From: Ashlie Martinez <ashmrtn@utexas.edu>
Subject: Re: [RFC][PATCH] fstest: regression test for ext4 crash consistency bug
Date: Thu, 5 Oct 2017 10:04:23 -0500
Message-ID: <CAFk8rvbi3MHbRBtaZVTJKDcORaDTtMpwy2X2ZdXTZt=LE5smZw@mail.gmail.com>
References: <1503830683-21455-1-git-send-email-amir73il@gmail.com>
 <59C8D147.1060608@cn.fujitsu.com> <CAOQ4uxgnK3mGKG+owRUNGyDVOCeicArwaufGgwXaSVxC26+peQ@mail.gmail.com>
 <CAFk8rvYvrGo6SjA6e0yj0XL_BARMmZoofB5kESM4EY4S2n-==w@mail.gmail.com> <59D5DEE0.6080506@cn.fujitsu.com>
Mime-Version: 1.0
Content-Type: text/plain; charset="UTF-8"
Cc: Amir Goldstein <amir73il@gmail.com>,
        "Theodore Ts'o" <tytso@mit.edu>, Eryu Guan <eguan@redhat.com>,
        Josef Bacik <jbacik@fb.com>, fstests <fstests@vger.kernel.org>,
        Ext4 <linux-ext4@vger.kernel.org>,
        Vijay Chidambaram <vvijay03@gmail.com>
To: Xiao Yang <yangx.jy@cn.fujitsu.com>
Return-path: <fstests-owner@vger.kernel.org>
In-Reply-To: <59D5DEE0.6080506@cn.fujitsu.com>
Sender: fstests-owner@vger.kernel.org
List-Id: linux-ext4.vger.kernel.org

On Thu, Oct 5, 2017 at 2:27 AM, Xiao Yang <yangx.jy@cn.fujitsu.com> wrote:
> On 2017/09/30 22:15, Ashlie Martinez wrote:
>>
>> Hi Xiao,
>>
>> I am a student at the University of Texas at Austin. Some researchers
>> in the computer science department at UT, myself included, have
>> recently been working to develop a file system crash consistency test
>> harness called CrashMonkey [1][2]. I have been working on the
>> CrashMonkey project since it was started late last year. With
>> CrashMonkey we have also been able to reproduce the incorrect i_size
>> error you noted but we have not been able to reproduce the other
>> output that Amir found.
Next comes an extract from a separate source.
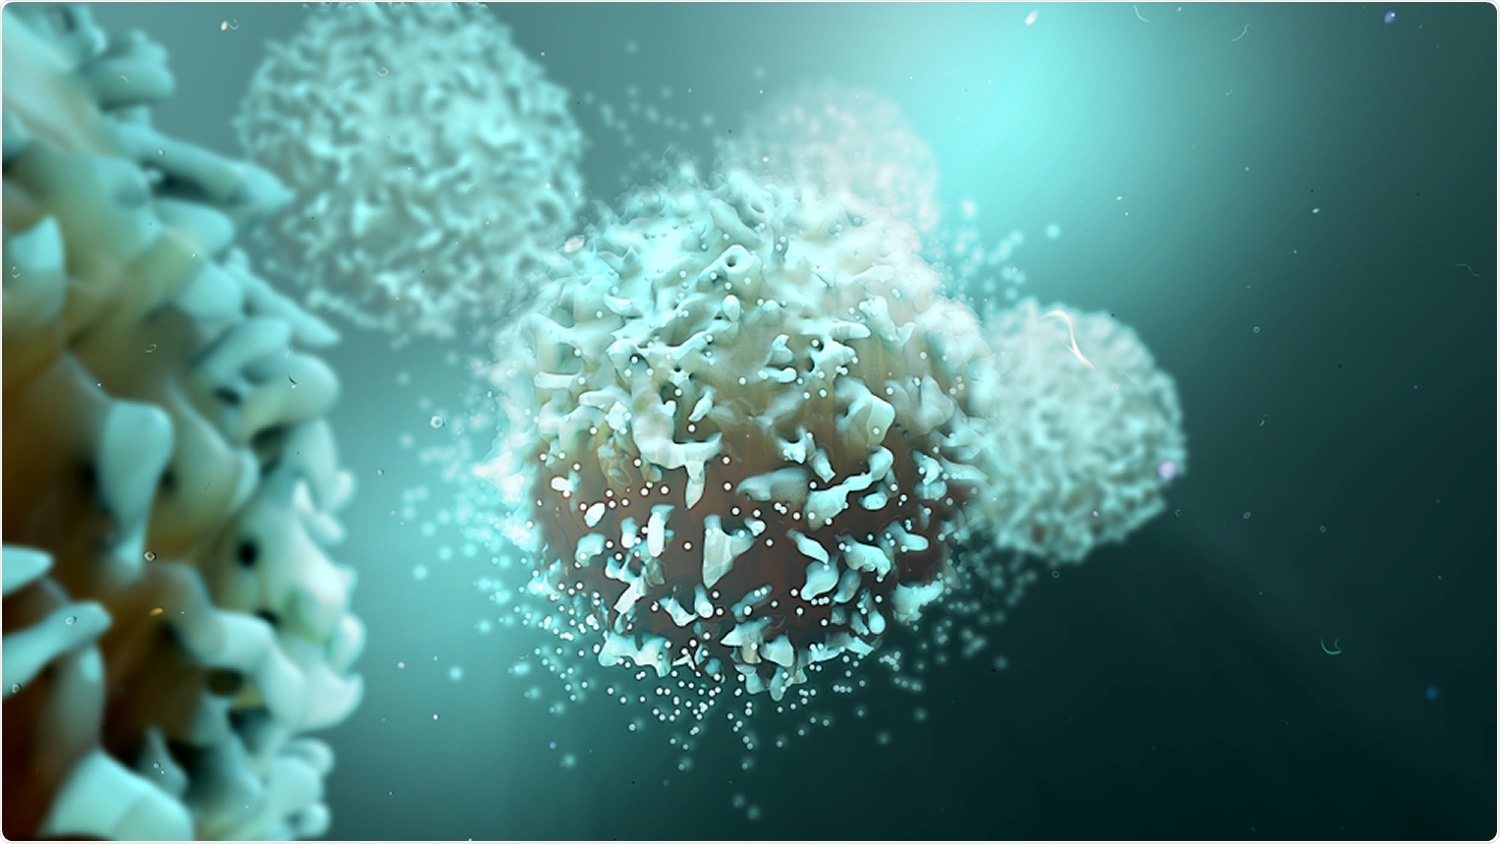 Study: Whole blood-based measurement of SARS-CoV-2-specific T cell responses reveals asymptomatic infection and vaccine efficacy in healthy subjects and patients with solid organ cancers. Image Credit: Design Cells / Shutterstock

CrashMonkey works by logging and replaying
>> operations for a workload, so it should not be sensitive to
>> differences in timing that could be caused by things like KVM+virtio.
>> I also did a few experiments with Amir's new xfstests test 456 (both
>> with and without KVM and virtio) and I was unable to reproduce the
>> output noted in the xfstest. I have not spent a lot of time looking
>> into the cause of the bug that Amir found and it is rather unfortunate
>> that I was unable to reproduce it with either xfstests or CrashMonkey.
>
> Hi Ashlie,
>
> Thanks for your detailed comments.
>
> 1) Do you think the output that Amir noted in xfstests is a false positive?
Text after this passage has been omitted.